Hasina is now facing around 200 cases, mostly related to murders, crimes against humanity and enforced disappearances.
Meanwhile, Chinese foreign minister Wang Yi, during a call on Muhammad Yunus on the sidelines of the UNGA at the UN headquarters on Wednesday afternoon, announced that his country wanted to invest in solar panels manufacturing in Bangladesh and further deepen trade and economic ties with Bangladesh.
During the meeting with senior officials of top global human rights groups, justice and accountability of the atrocities and human rights abuses committed during the July-August mass uprising and also during the Sheikh Hasina regime were discussed, said a press release issued by the Chief Adviser’s Office.
Human rights officials stressed the need for more investigations into around 3,000 extrajudicial killings carried out during the rule of Sheikh Hasina while Muhammad Yunus briefly outlined how civil liberties and human rights were denied during the previous autocratic regime and what his government had so far done to establish human rights in the country.
They also called for security sector reforms, repeal of the Cyber Security Act and deeper probe, unfettered access to and accountability on the detention centres where the victims of the enforced disappearances were kept during the dictatorship.
The president of the Robert F Kennedy Human Rights, Kerry Kennedy, led the delegation of nine human rights officials.
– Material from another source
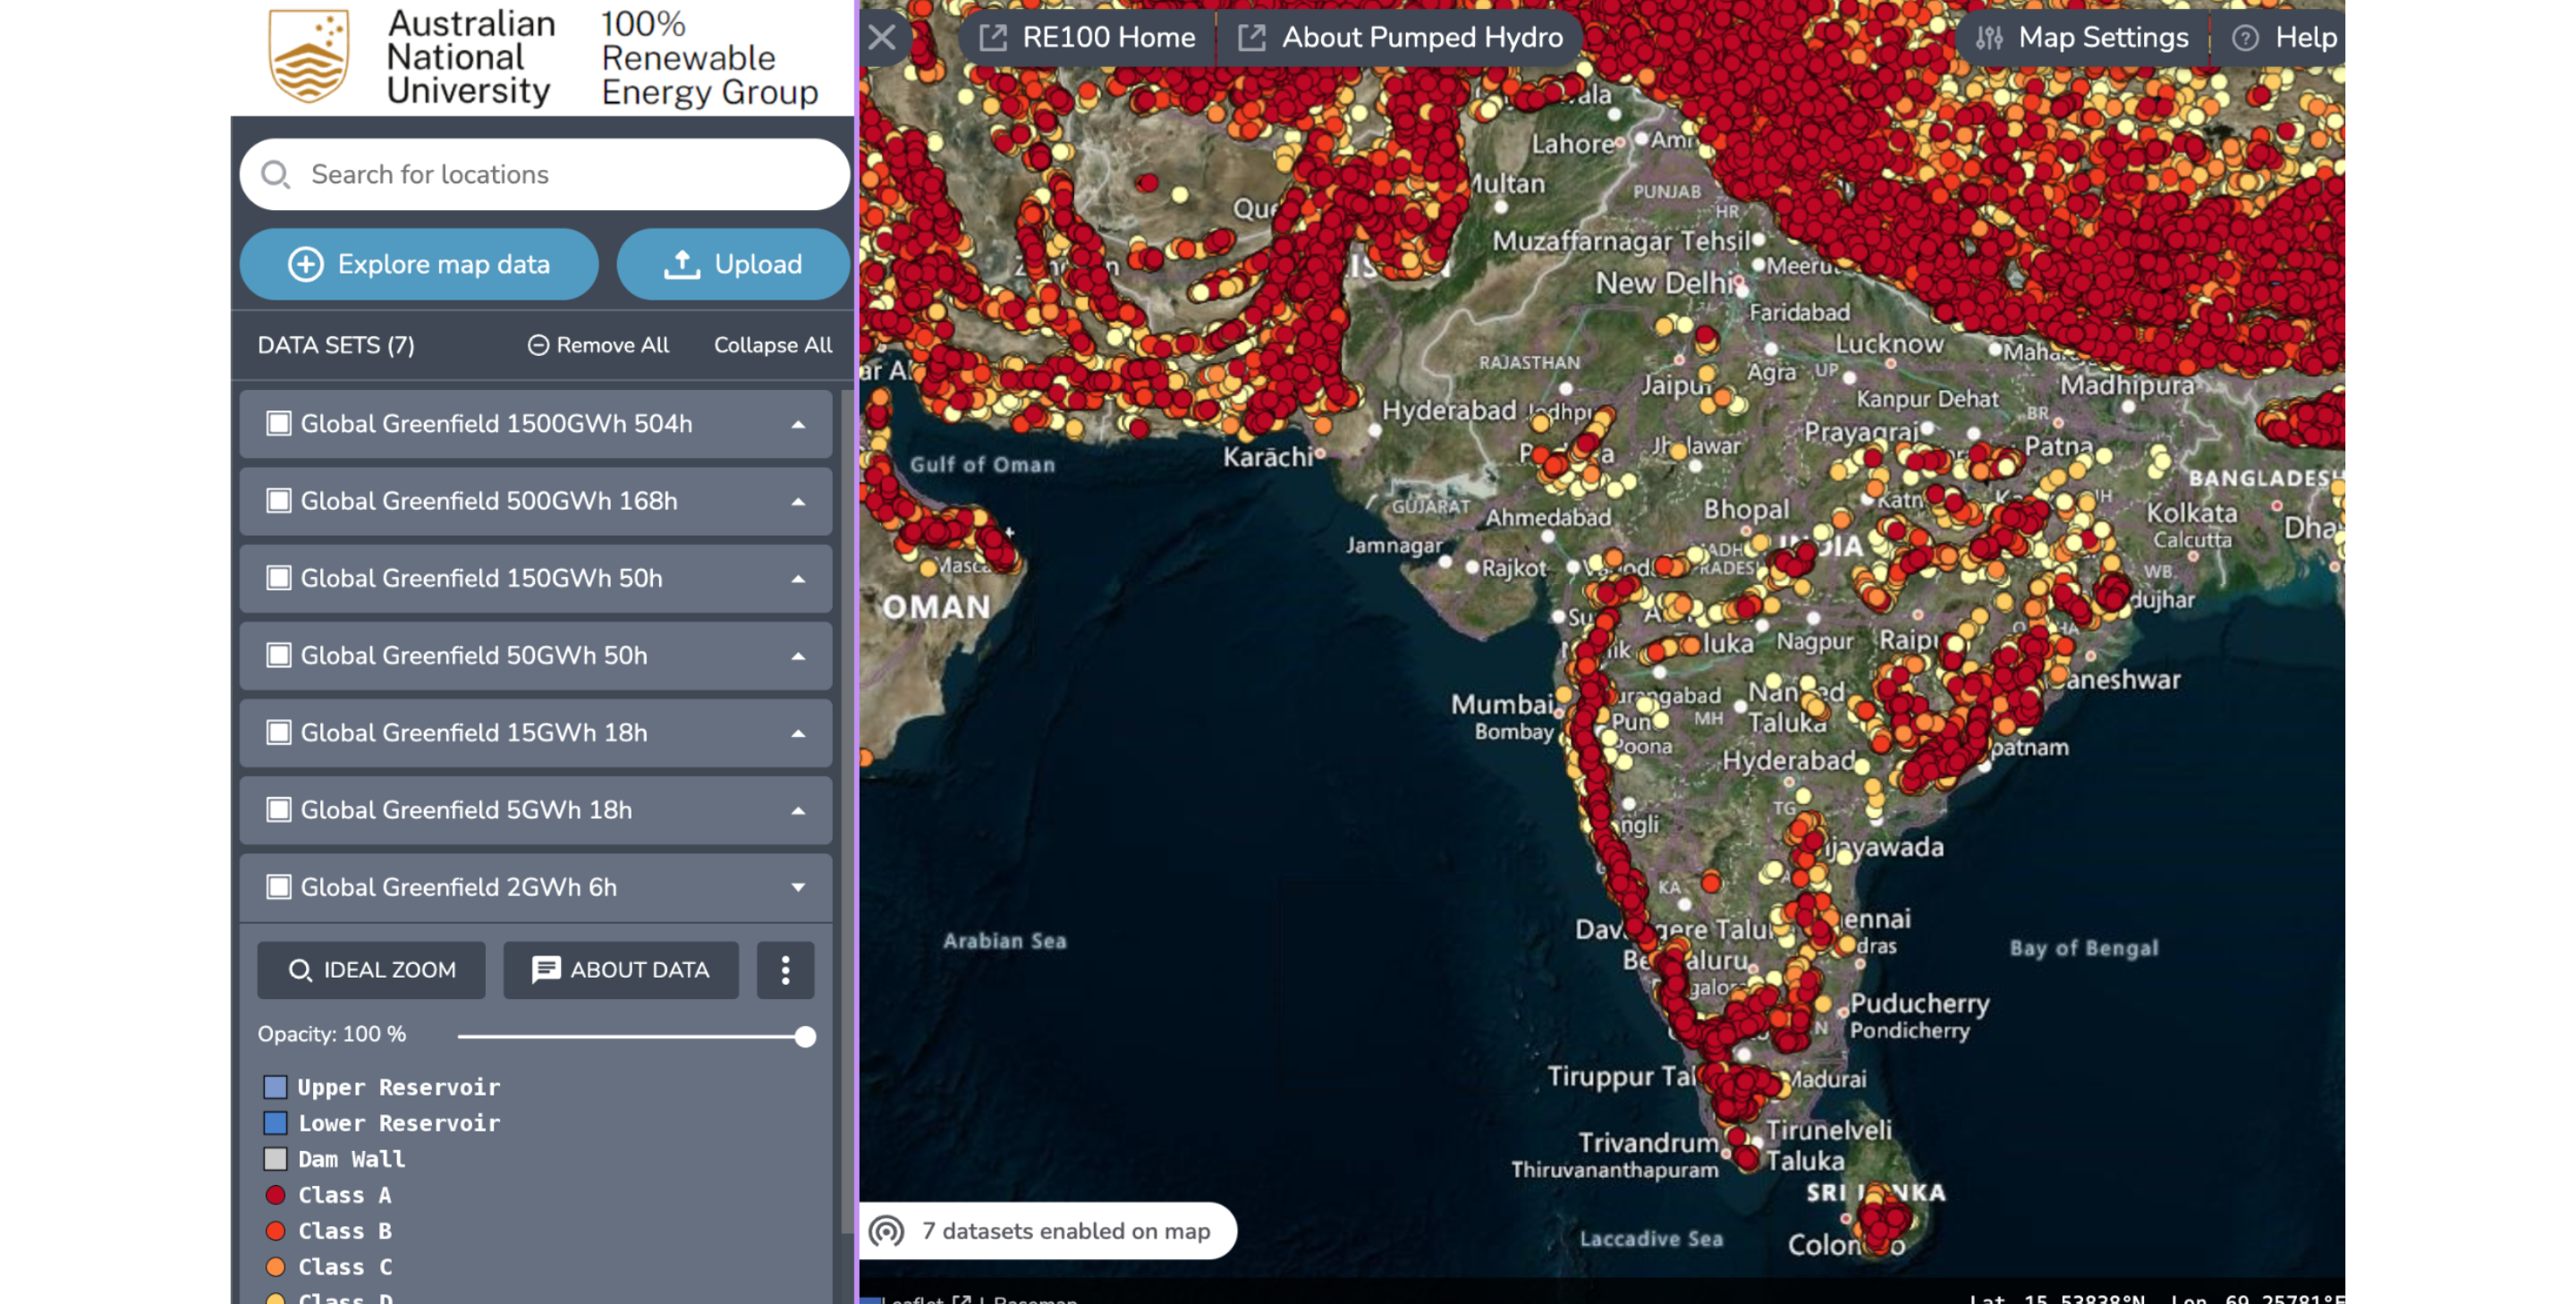 Loop tertutup, kapasitas sumber daya air yang dipompa di India berdasarkan atlas greenfield GIS global Universitas Nasional Australia
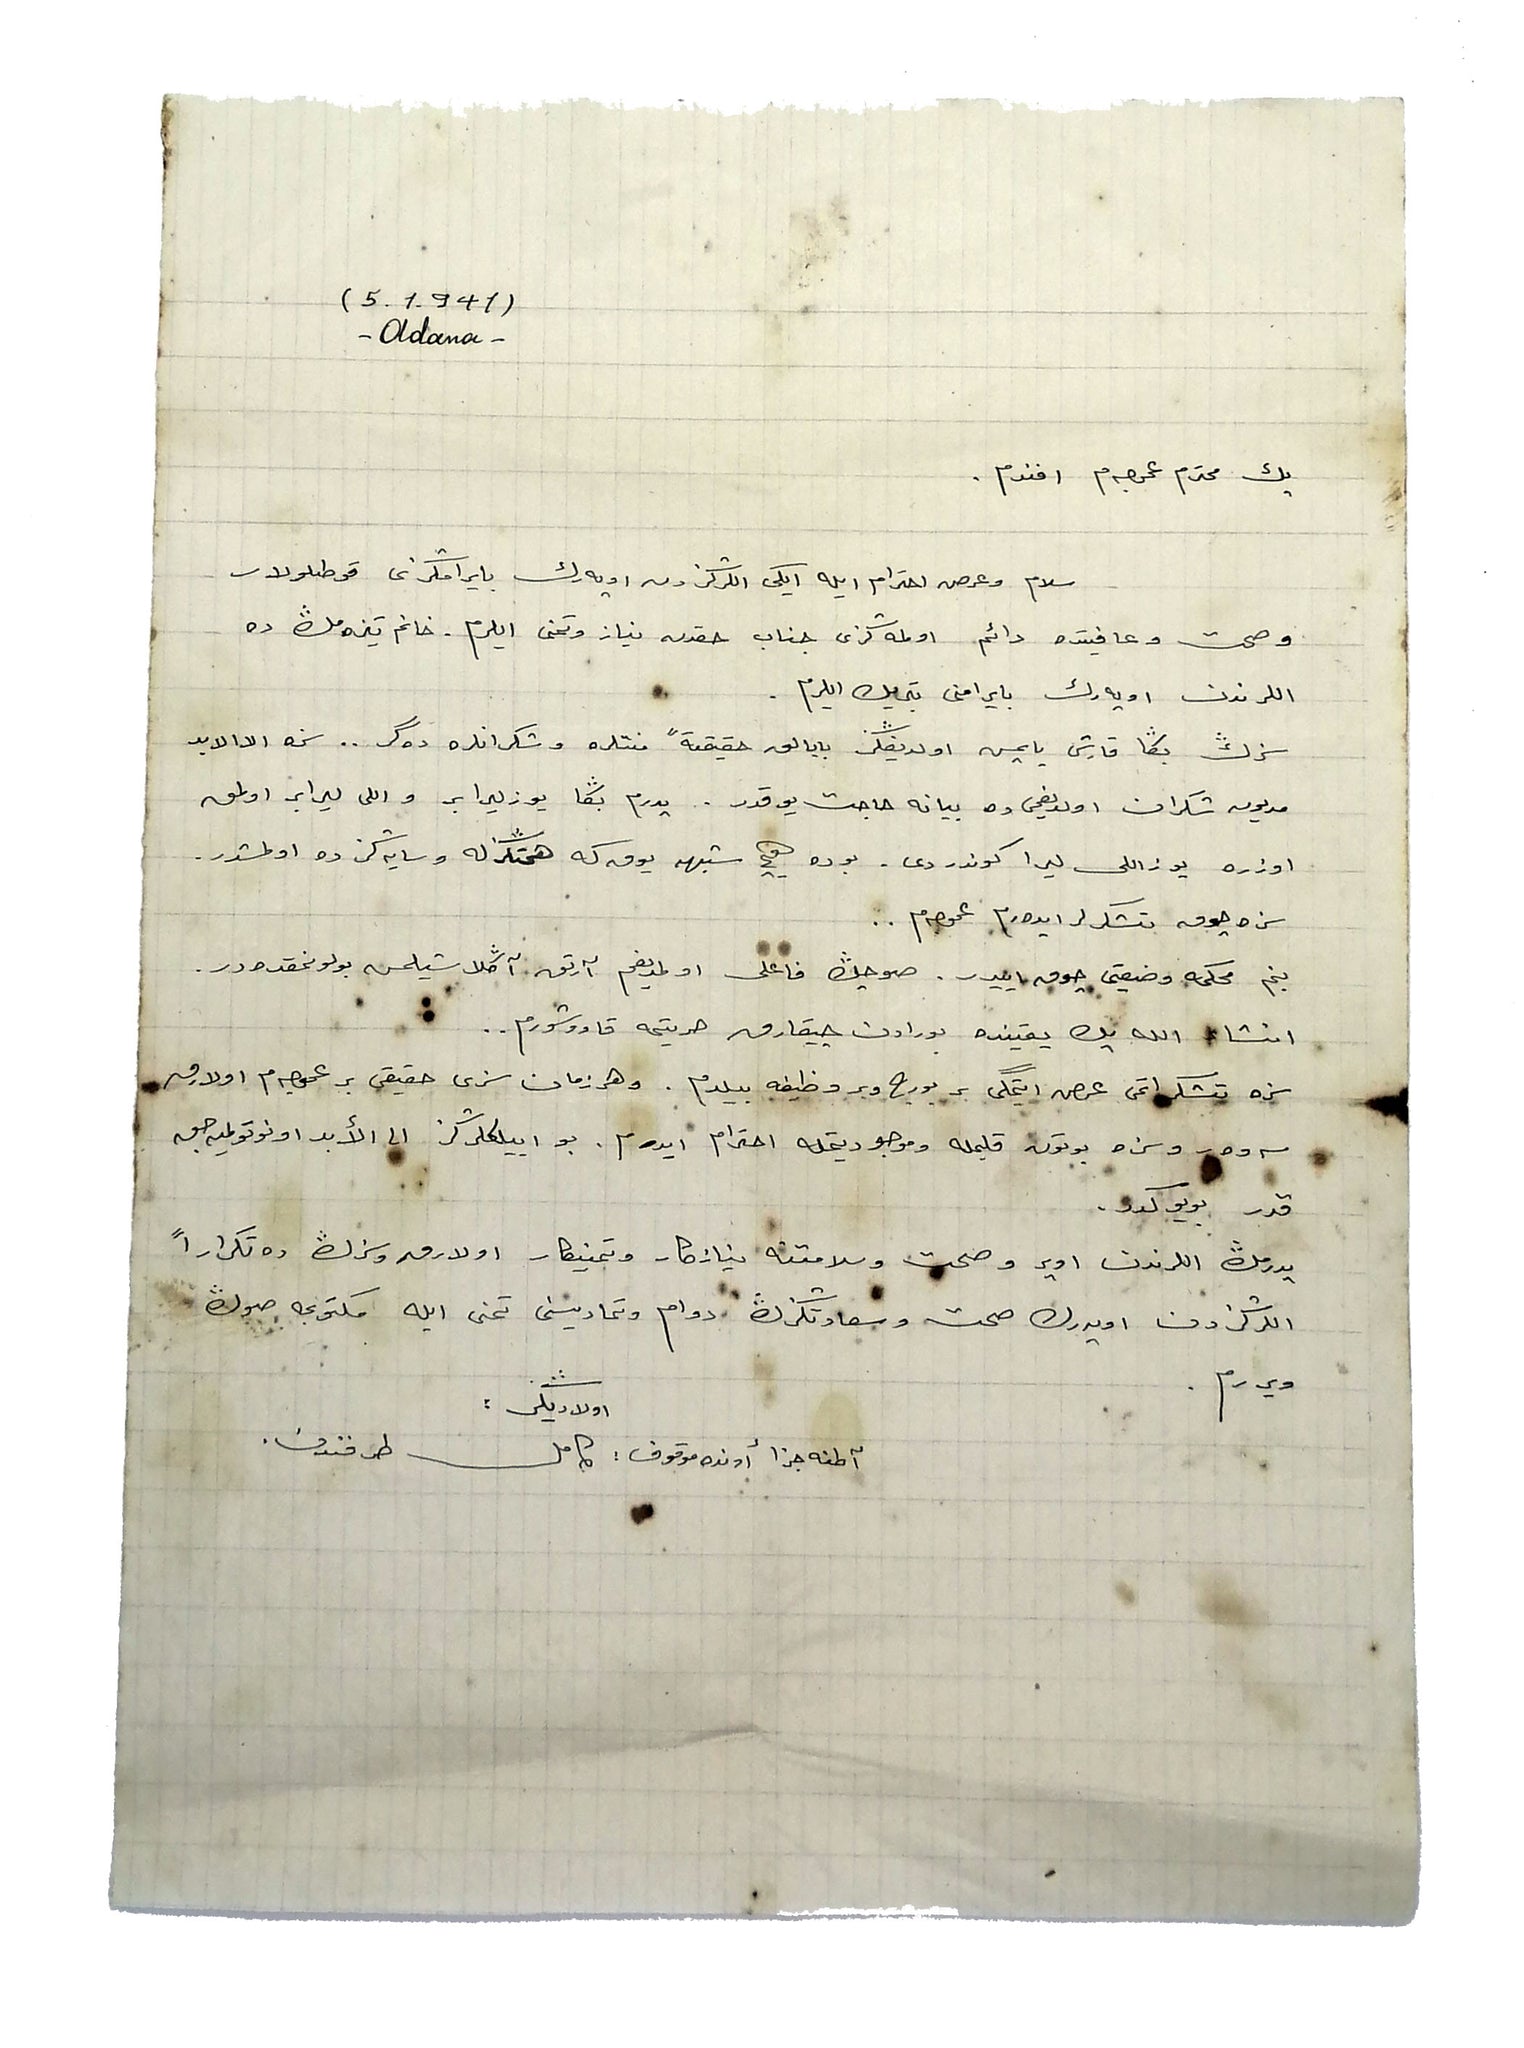 [CEZAEVİ MEKTUPLARI - ADANA CEZAEVİ] Osmanlıca, el yazısı, Adana Cezaevi’nde tutuklu Kâmil tarafından amcasına hitaben teşekkürü içeren 5.1.1941 tarihli mektup

Agnes Callamard, the secretary general of Amnesty International, also joined the meeting.
Callamard said that the interim government should send ‘a powerful message demonstrating that this is a new Bangladesh’.
The chief adviser said that his government had set up several commissions, including one on the police, to carry out vital reforms and institutional changes in Bangladesh.
He said that his government would welcome any criticism of its activities and vowed that the interim administration would uphold freedom of speech.
‘This government isn’t bothered by any criticism. In fact, we are inviting criticism,’ he said, adding that the government ‘won’t restrict any voices’ in Bangladesh.
Mohammad Ashrafuzzaman, formerly a Hong Kong-based human rights activist, and Julia Bleckner, a senior researcher at Human Rights Watch, also spoke in the meeting.
About the meeting with the Chinese minister, the chief adviser’s press secretary Shafiqul Alam said, ‘If Chinese investment comes to Bangladesh for the manufacturing of solar panels, it will be a milestone as it’s a massive investment and will help create huge jobs.’
He said that Bangladesh would make benefit from that investment, and Bangladesh would be a major exporter of solar panels.
The Chinese foreign minister described Professor Yunus as ‘an old friend of the Chinese people’, and congratulated the chief adviser for assuming the leadership of the interim government.
‘We have full confidence in you that you will live up to the expectations of the people,’ the Chinese minister was quoted to have told Yunus.
Wang Yi said that China would attach importance to Professor Yunus’s call to Chinese solar panel manufacturers to set up plants in Bangladesh.
In another meeting, Professor Yunus called upon the world’s leading charity organisation Bill & Melinda Gates Foundation to increase support for the health sector of Bangladesh.
He made the call when Mark Suzman, CEO of the foundation, called on him at the UN headquarters on the sidelines of the UNGA session on Wednesday (local time), according to another press release.
Chief Adviser’s press secretary Shafiqul Alam said that Professor Yunus requested the Bill & Melinda Gates Foundation to increase assistance in the health and other sectors of Bangladesh.